# Dataset:
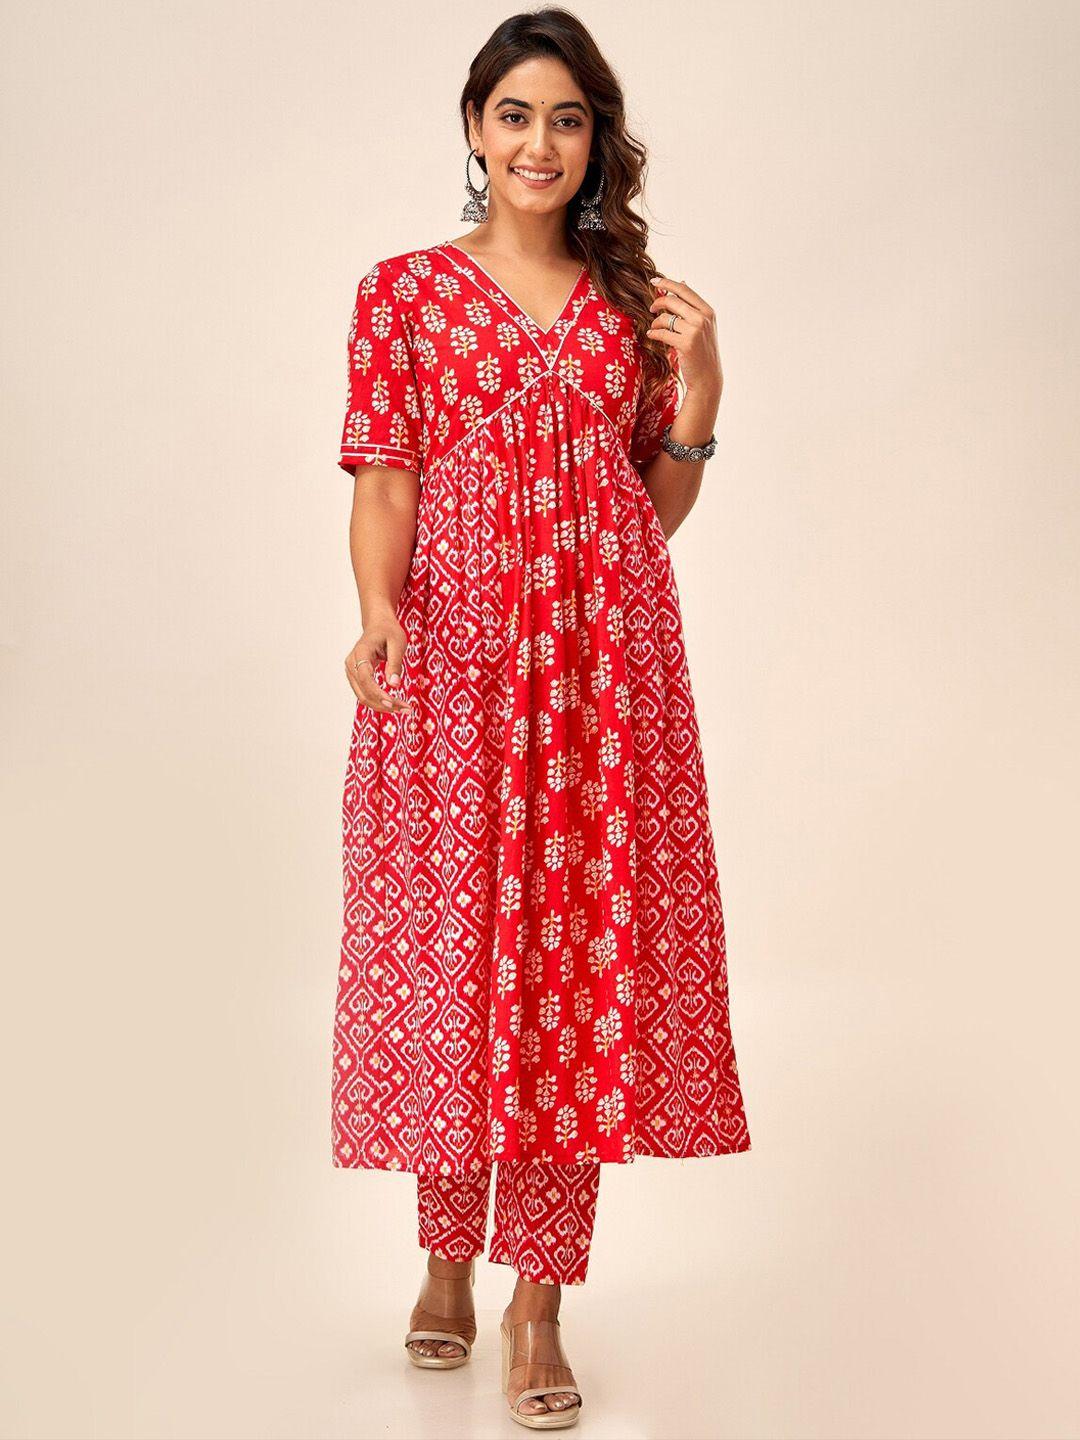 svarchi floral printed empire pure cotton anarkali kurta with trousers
...
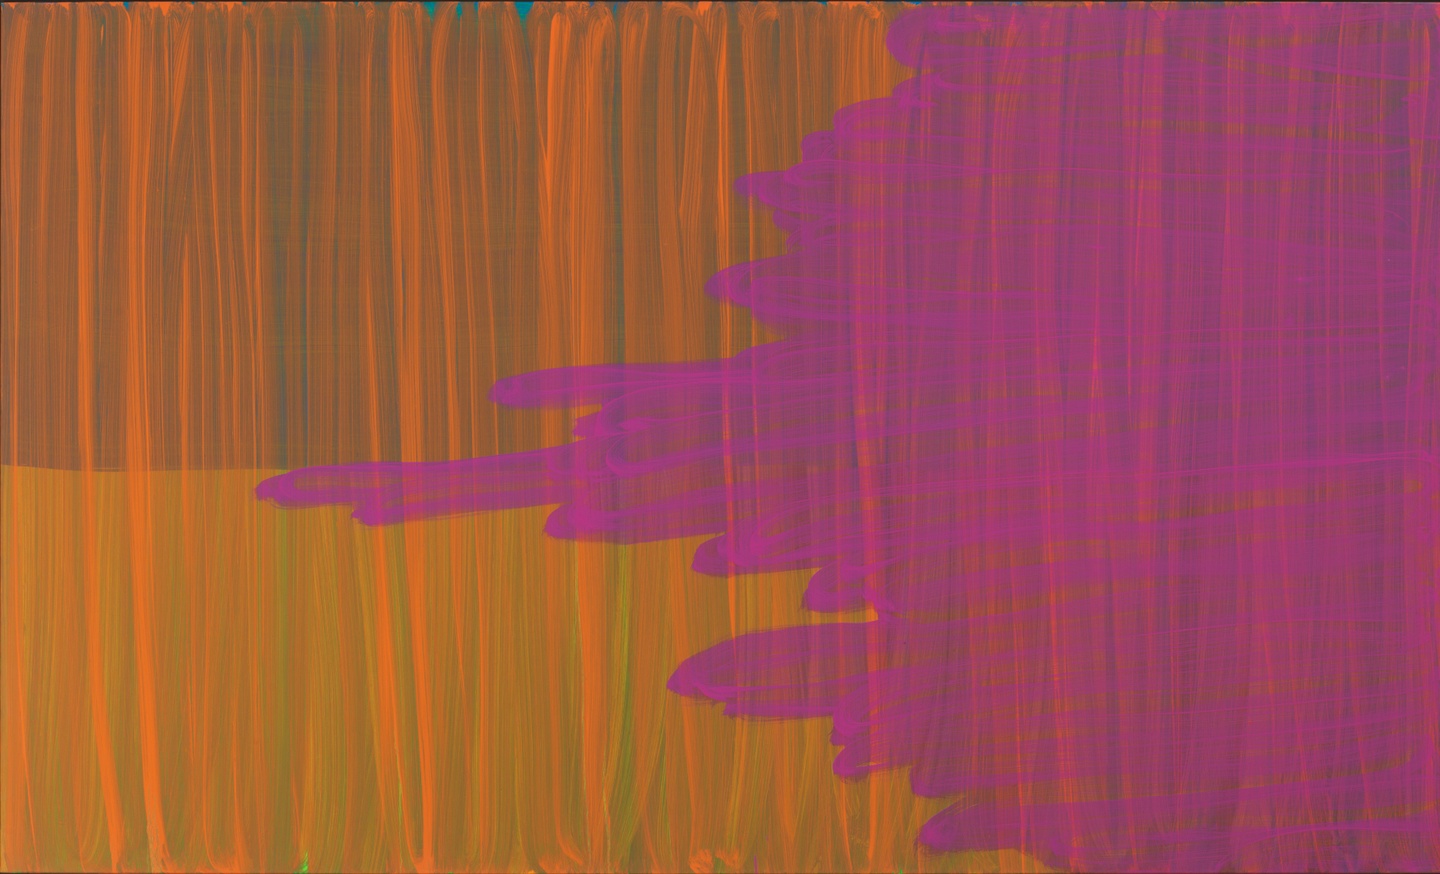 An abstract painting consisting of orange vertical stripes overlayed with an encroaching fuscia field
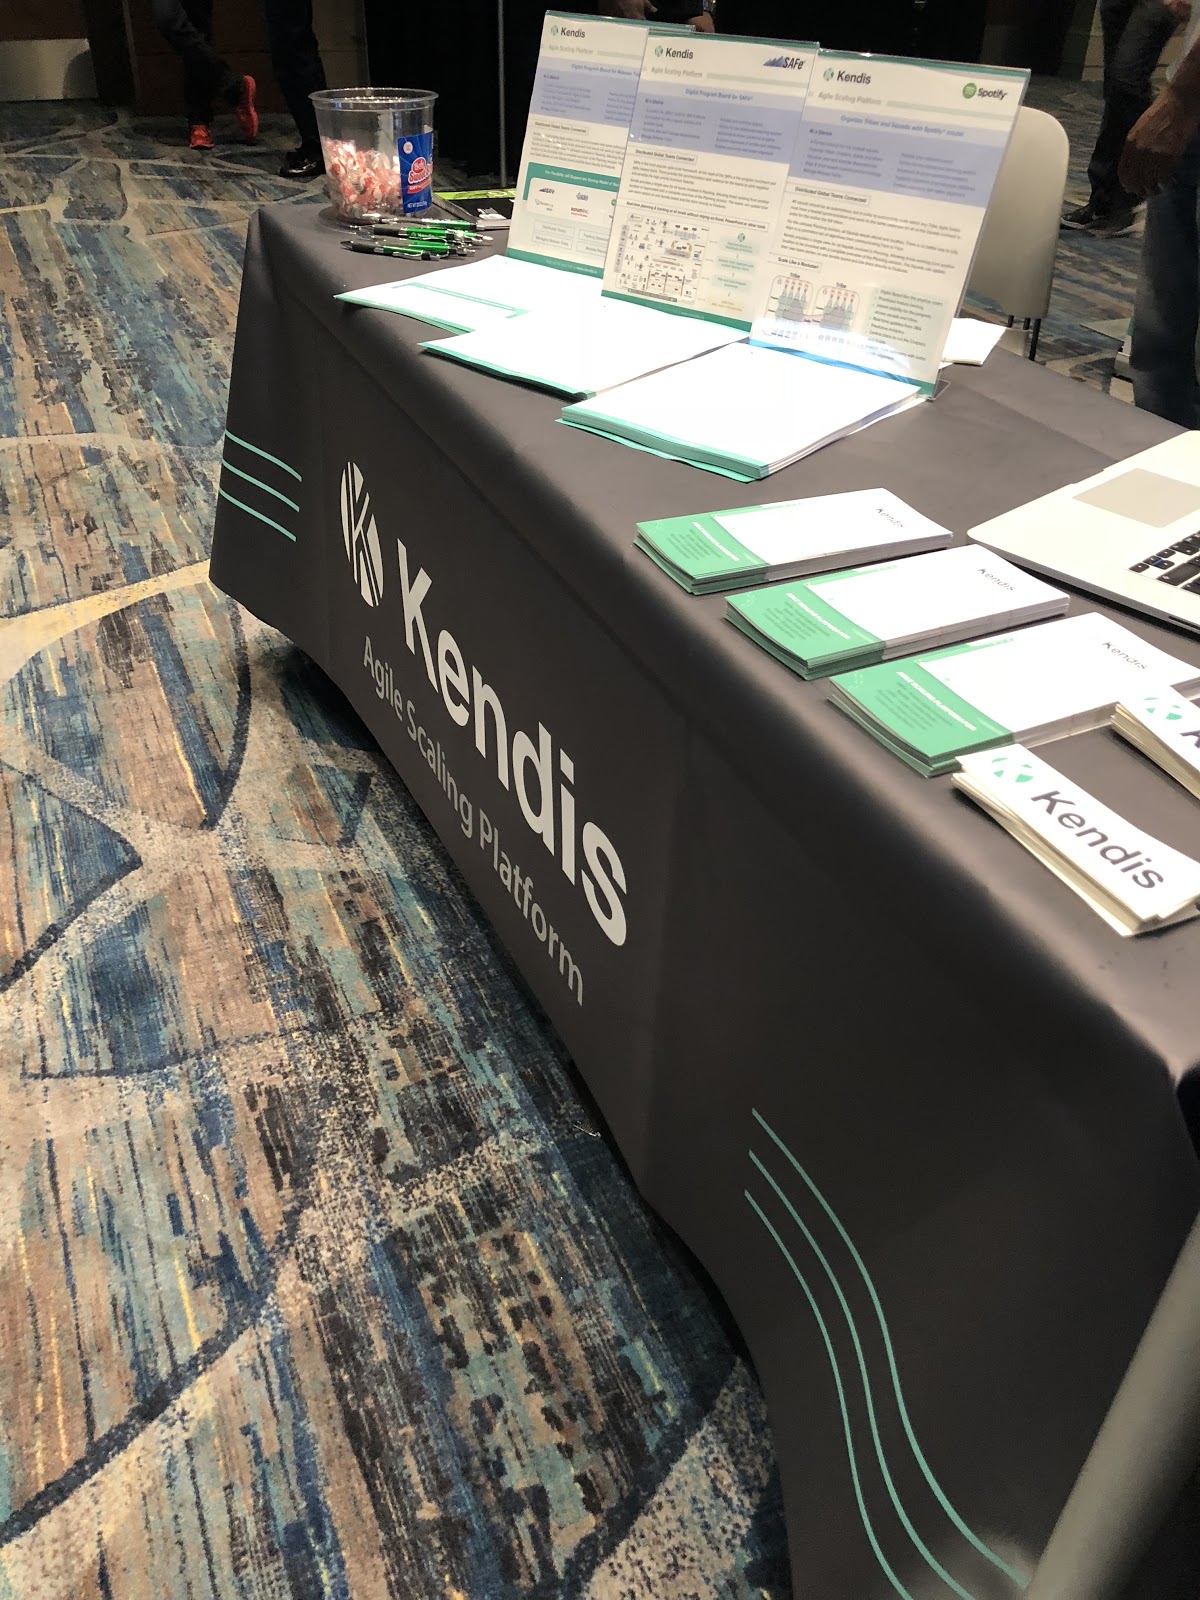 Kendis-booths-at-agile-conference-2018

# Problem to solve:
Nothing but the lines from the one with "An abstract painting" up to and including the one with "Kendis-booths-at-agile-conference-2018" should be printed, exactly as they read above. Please keep the pictures out.

# Answer box:
 An abstract painting consisting of orange vertical stripes overlayed with an encroaching fuscia field
 Kendis-booths-at-agile-conference-2018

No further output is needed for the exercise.